Dentre os argumentos usados pela defesa do promotor de ventos Edilson Baracat e sua irmão Denise Baracat, consta “que não há provas nos autos que justifiquem as condenações e, sob o argumento de reconhecimento de colaboração premiada unilateral, dadas às contribuições processuais oferecidas pelo primeiro durante a tramitação do feito, formulam pedido de perdão judicial”. Os argumentos dos irmãos e do MP Eleitoral não foram acolhidos pela relatora do caso, a juíza Clara da Mota Santos Pimenta Alves.

Ela esclareceu que entre a data do recebimento da denúncia, no dia 9 de junho de 2011 até a publicação da sentença condenatória, que se deu no dia 27 de setembro de 2017, pouco mais de seis anos havia se passado. Dessa forma, observou que a prescrição a atingir o primeiro delito é de 16 anos e o segundo é de 8 anos, de modo que em nenhuma das hipóteses ela se deu. 

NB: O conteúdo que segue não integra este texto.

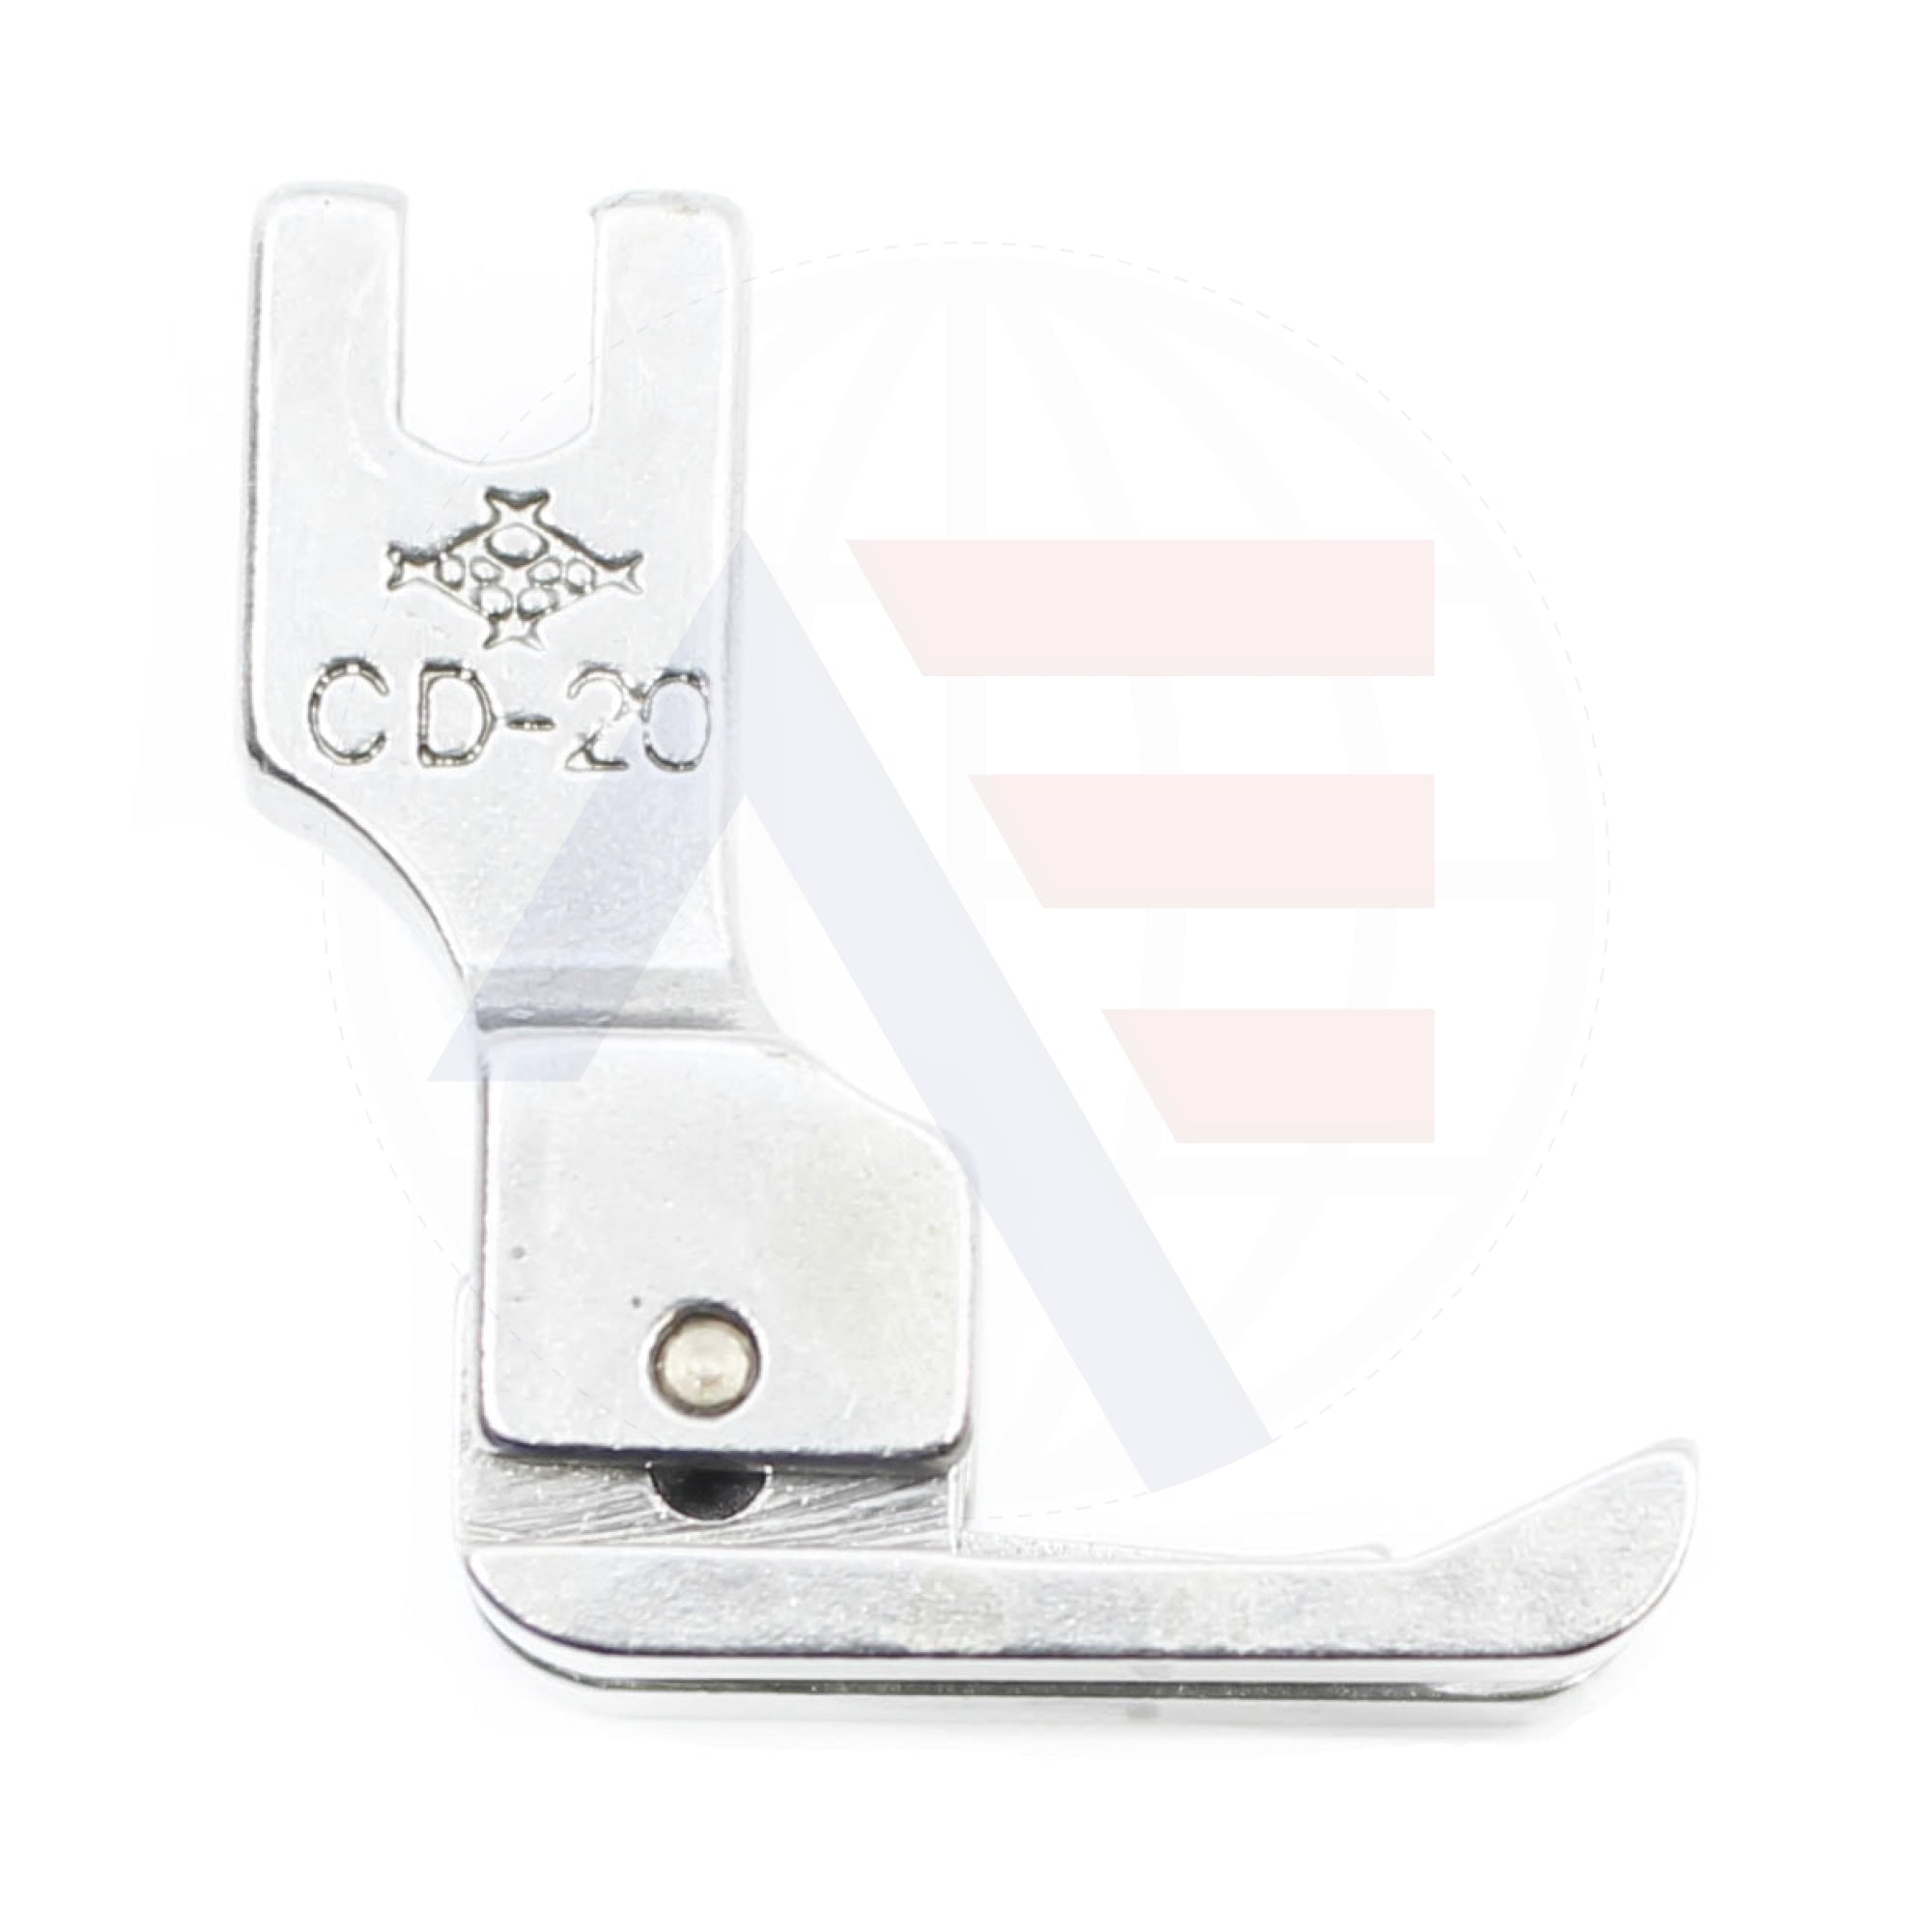 Cd20C 2.0Mm Double Compensating Foot Sewing Machine Spare Parts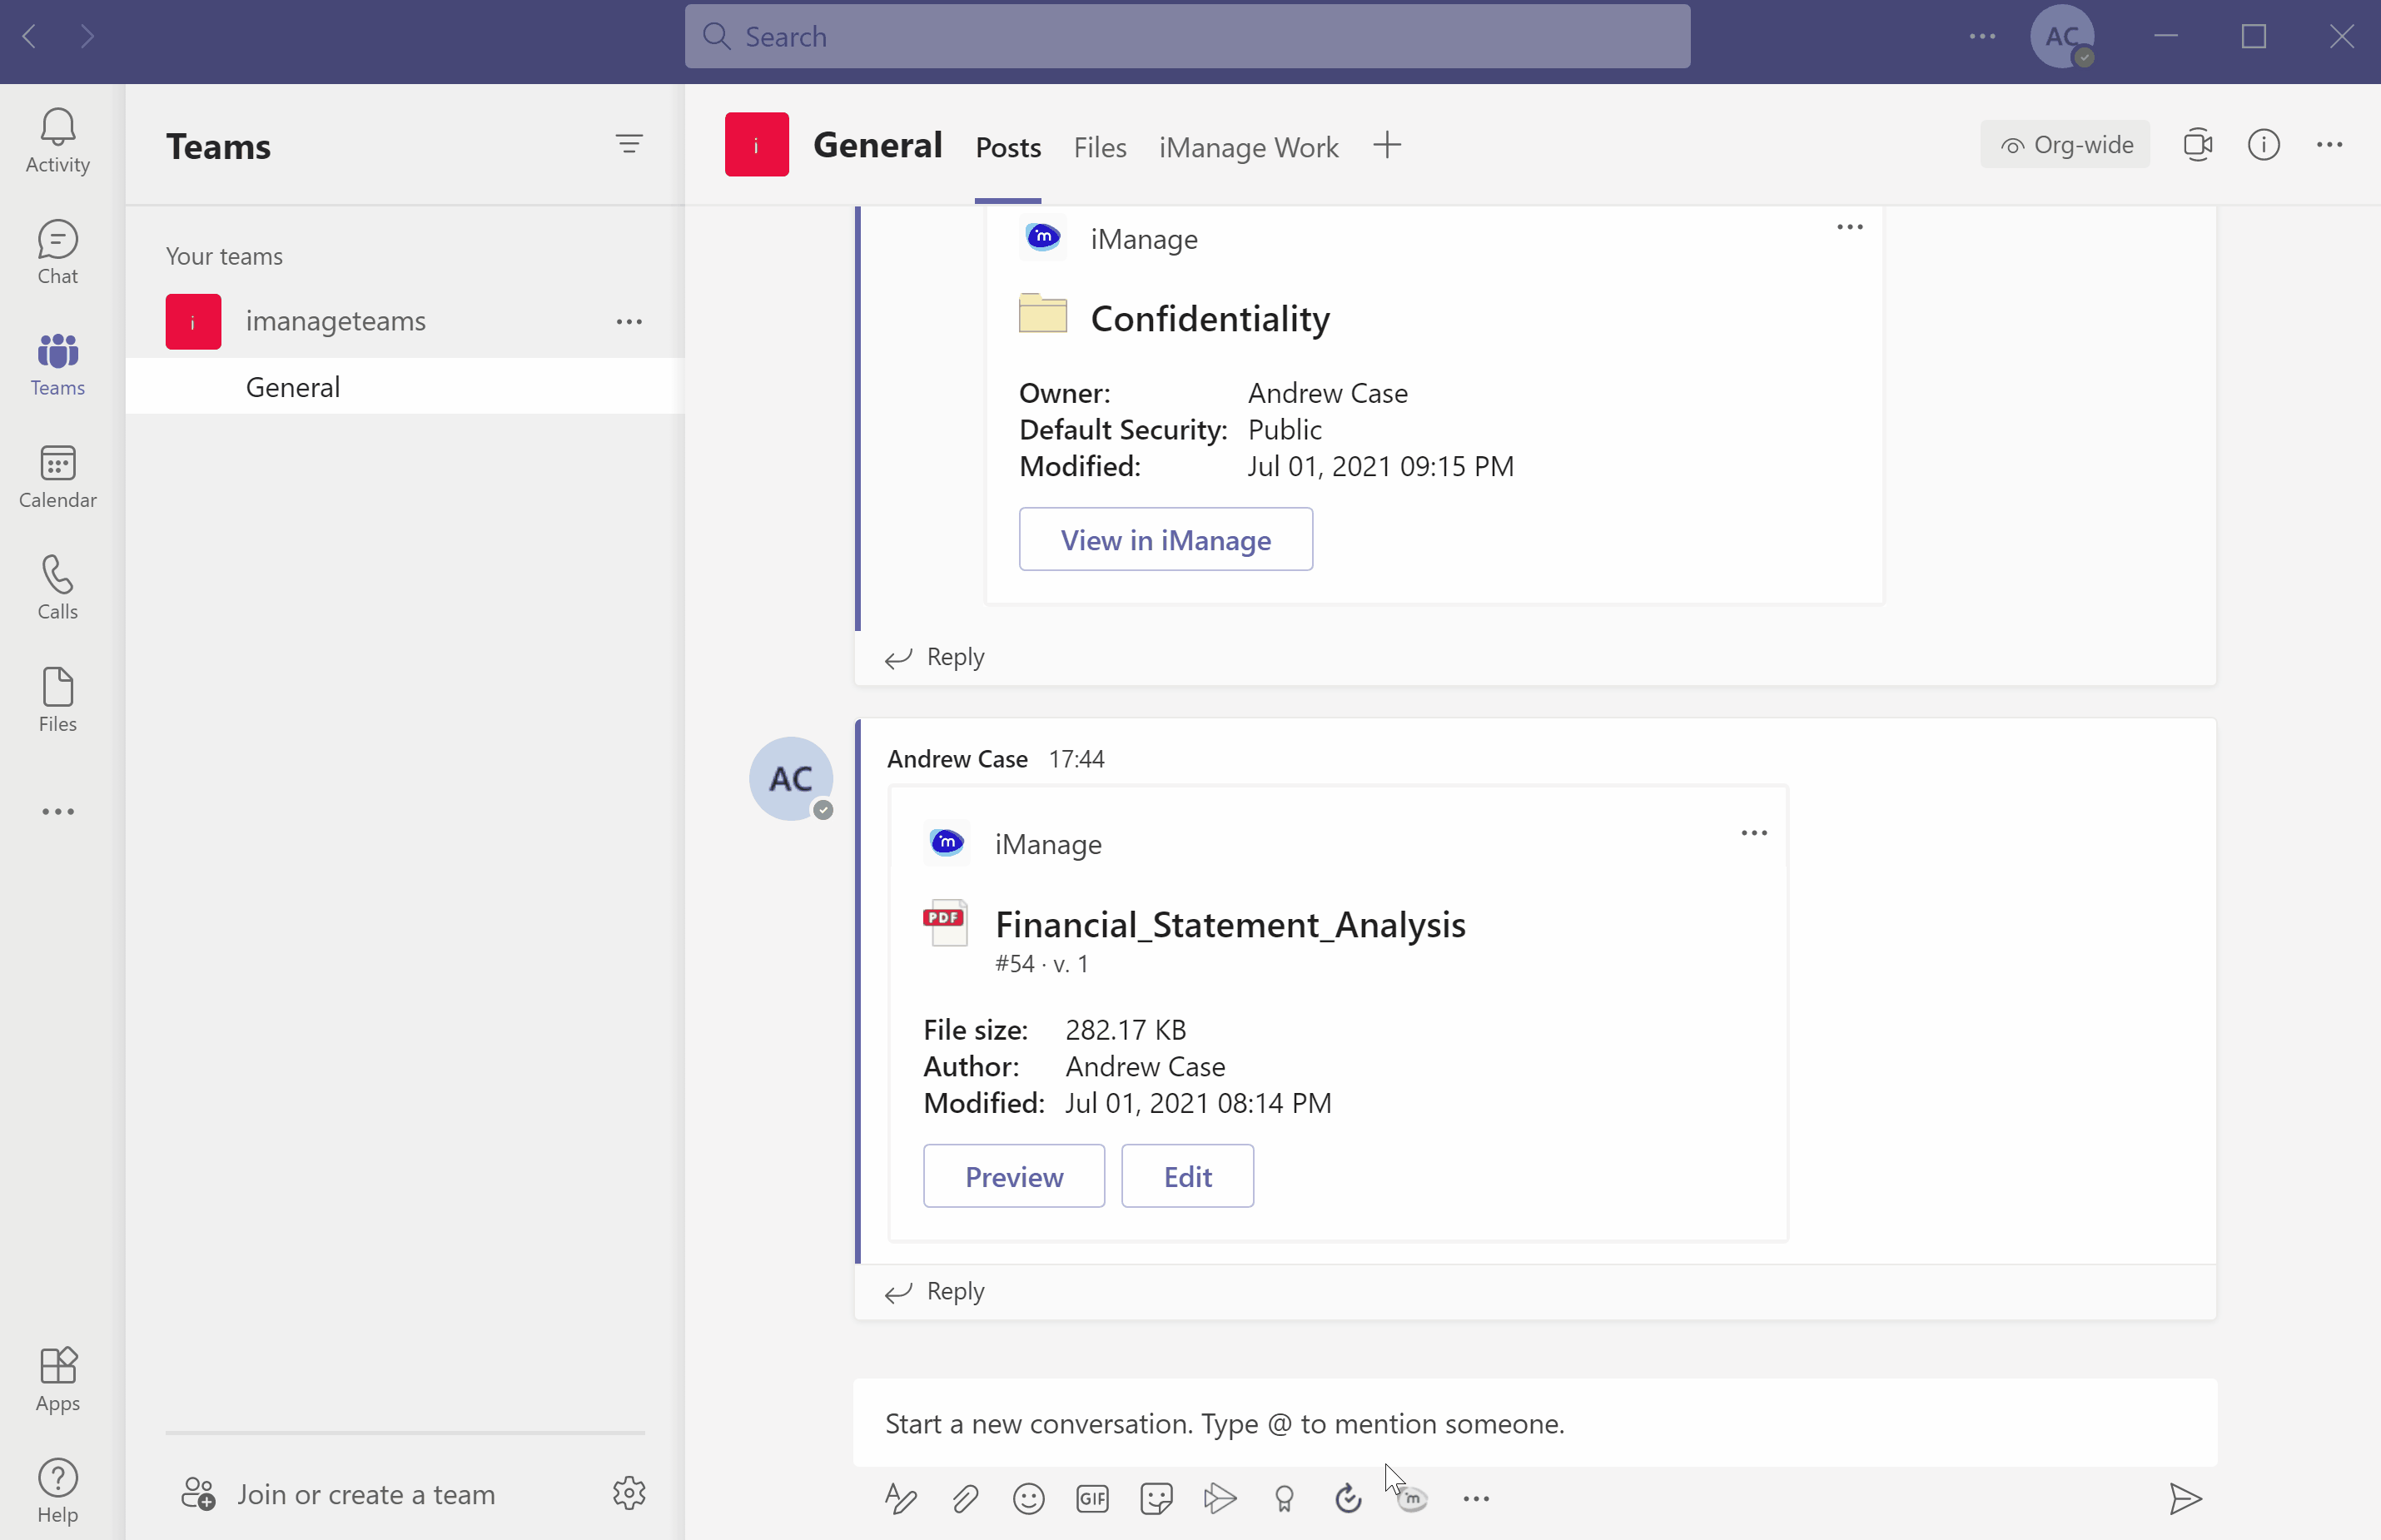 Searching in a messaging extension window - iManage Work

“Em última análise, o cálculo se reduziria à metade, nos termos do art. 115 do Código Penal, se os Recorrentes contassem com mais de 70 anos na data da sentença (22/09/2017), o que também não ocorre, haja vista que Edilson Baracat nasceu em 14/02/1954 e Denize Baracat em 28 /01/1956, conforme dados extraídos do Cadastro Eleitoral. Afasto, via de consequência, a alegação de prescrição, tanto na modalidade retroativa quanto material, para os dois crimes pelos quais os Recorrentes foram condenados”, colocou a relatora em trecho de seu voto.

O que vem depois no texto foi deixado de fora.